New Feature

Resource Efficiency & Config Recommendations for Apache Spark on Kubernetes

We’ve added a new optimization suite in ILUM that converts runtime telemetry into actionable Spark configuration, useful for data engineering teams tuning Spark on Kubernetes for performance and cost.

What’s new

Resource Efficiency Score (0–100)
Radar across Memory / Executor / I/O / Tasks with per-dimension panels (e.g., memory utilization %, executor active %, I/O data-processing ratio, task balance).
Live cost signals
- Accumulated Cost (runtime × cluster rate) with wall-clock duration.
- Cost Efficiency score with waste breakdown by Memory / CPU / Executors to spot over-provisioning.
Configuration Recommendations (modes: Balanced, Performance, Cost)
Each recommendation includes a rationale, expected impact (e.g., -15% execution time), and confidence. One-click copy of the exact Spark config.

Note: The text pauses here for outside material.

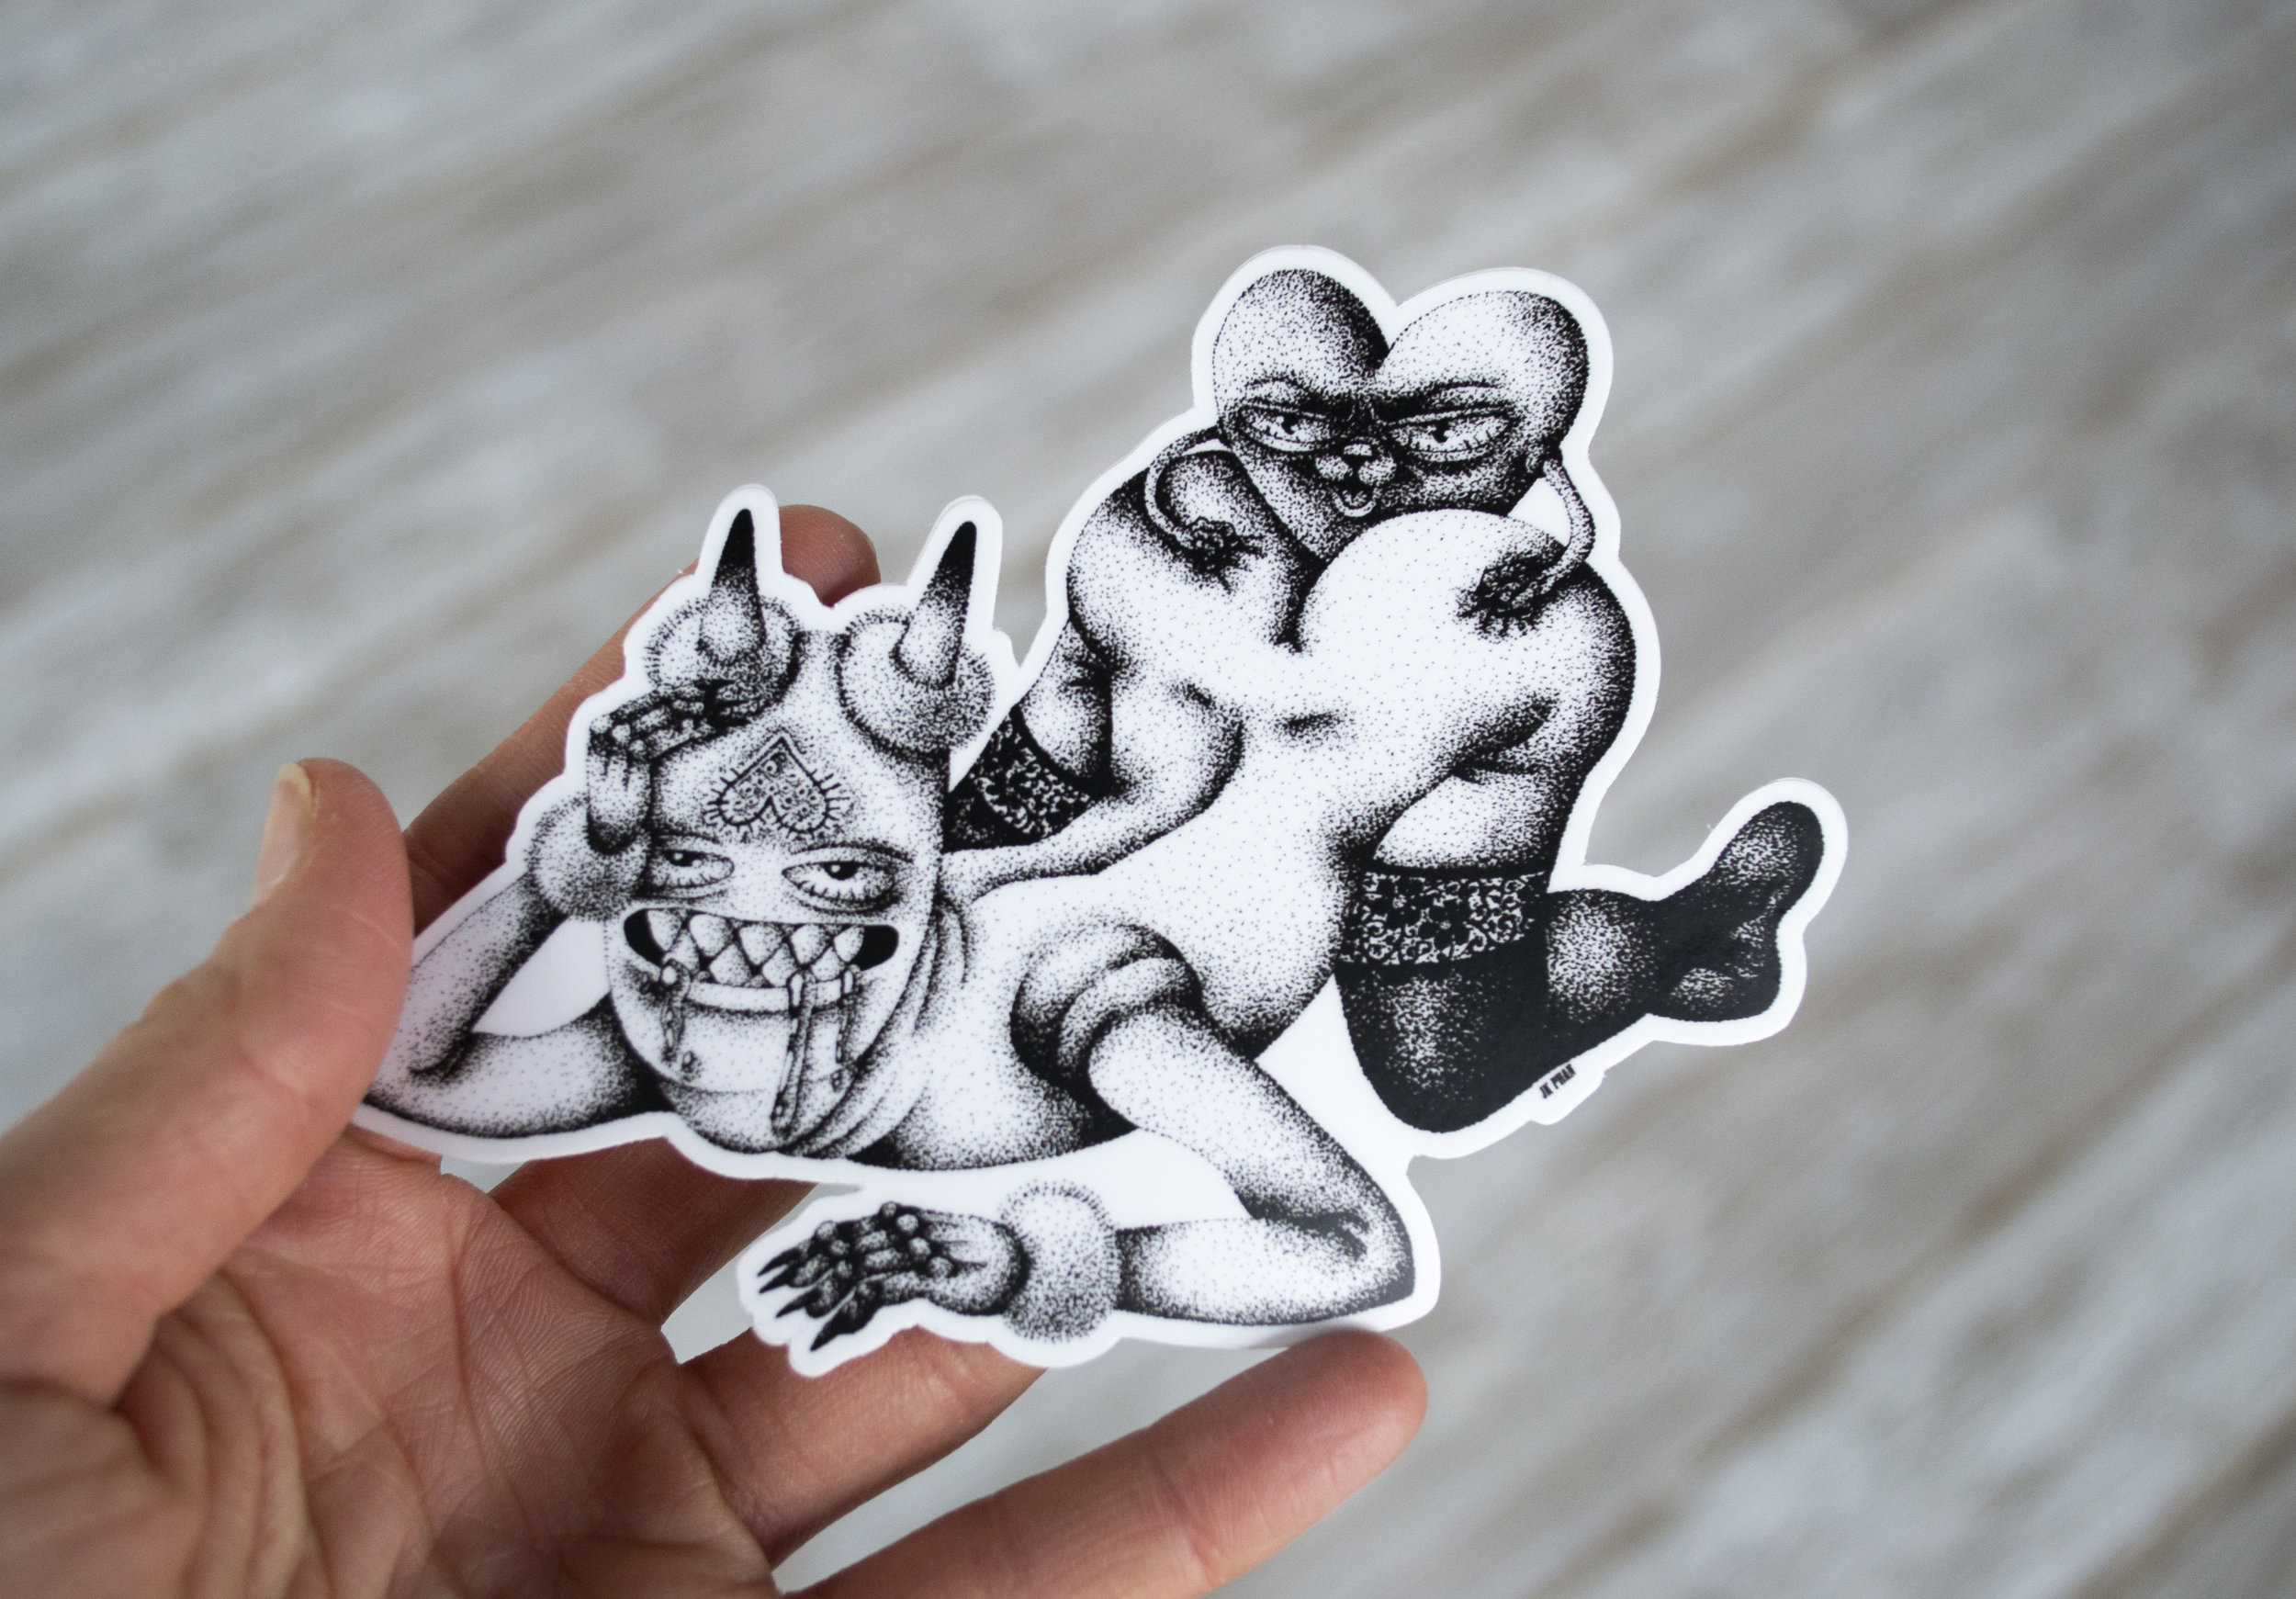 Buttsex Sticker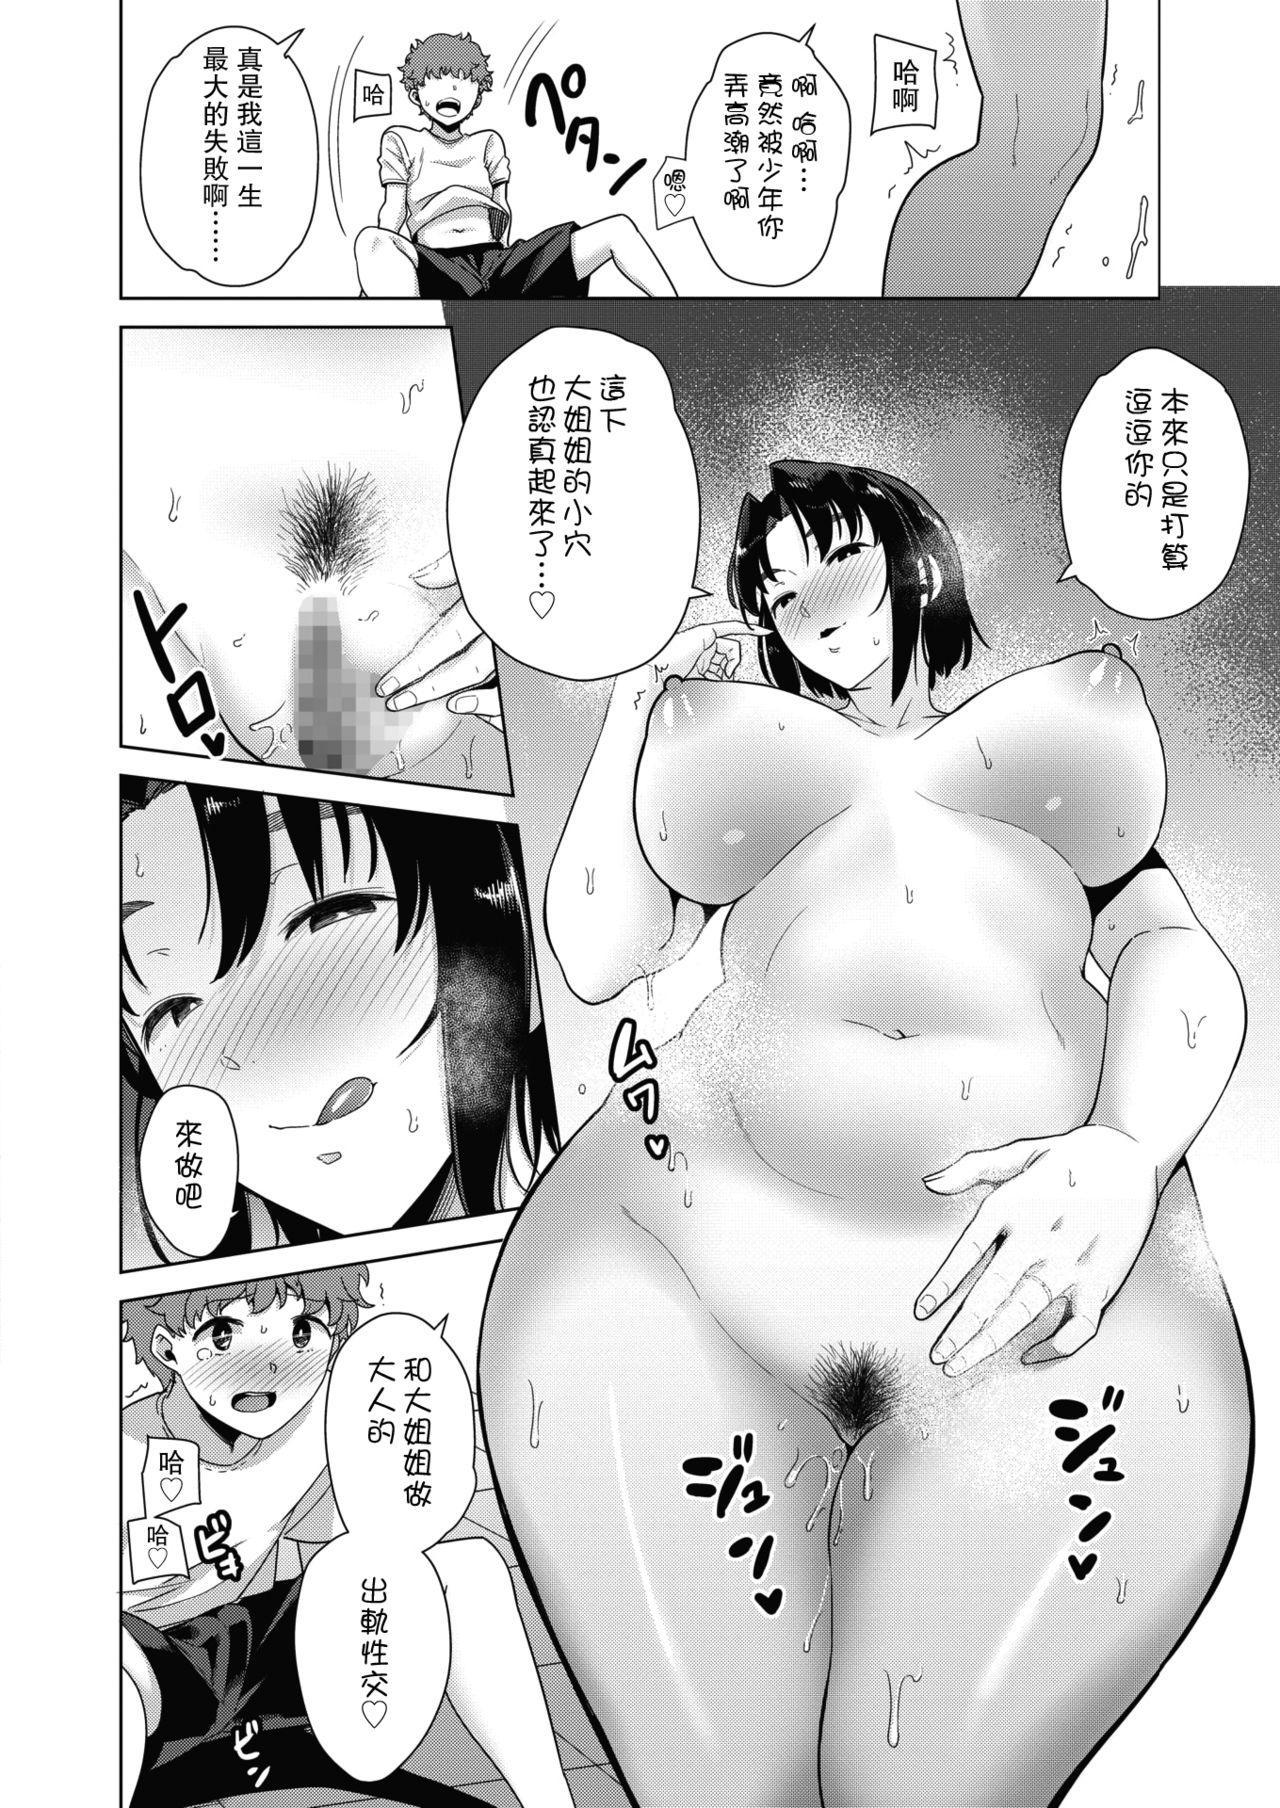 [Kurosu Gatari] Bandai-kun to Onee-san (COMIC HOTMILK 2020-08) [Chinese] [瓜皮汉化] [Digital] 11

Example recommendations (auto-derived from workload patterns)

# Adaptive Query Execution
spark.sql.adaptive.enabled = true

# Adaptive partition coalescing
spark.sql.adaptive.coalescePartitions.enabled = true

# Executor memory sizing (value depends on observed usage)
spark.executor.memory = 5g

Why it’s suggested: We correlate stage metrics, skew, shuffle sizes, and executor idleness to pick safe defaults. AQE reduces expensive shuffles; coalescing prevents tiny partitions; memory sizing balances spill risk vs. idle RAM.

Where to find it

Jobs → Optimization tab: left side shows Resource/Cost scores; right side lists recommendations with rationale and impact estimates.

Why this helps (practical outcomes)

Faster iteration on Spark tuning without trawling logs.
Concrete levers for cost optimization (reduce idle executors, right-size memory, coalesce partitions).
Transparent reasoning you can review and commit via your normal workflow.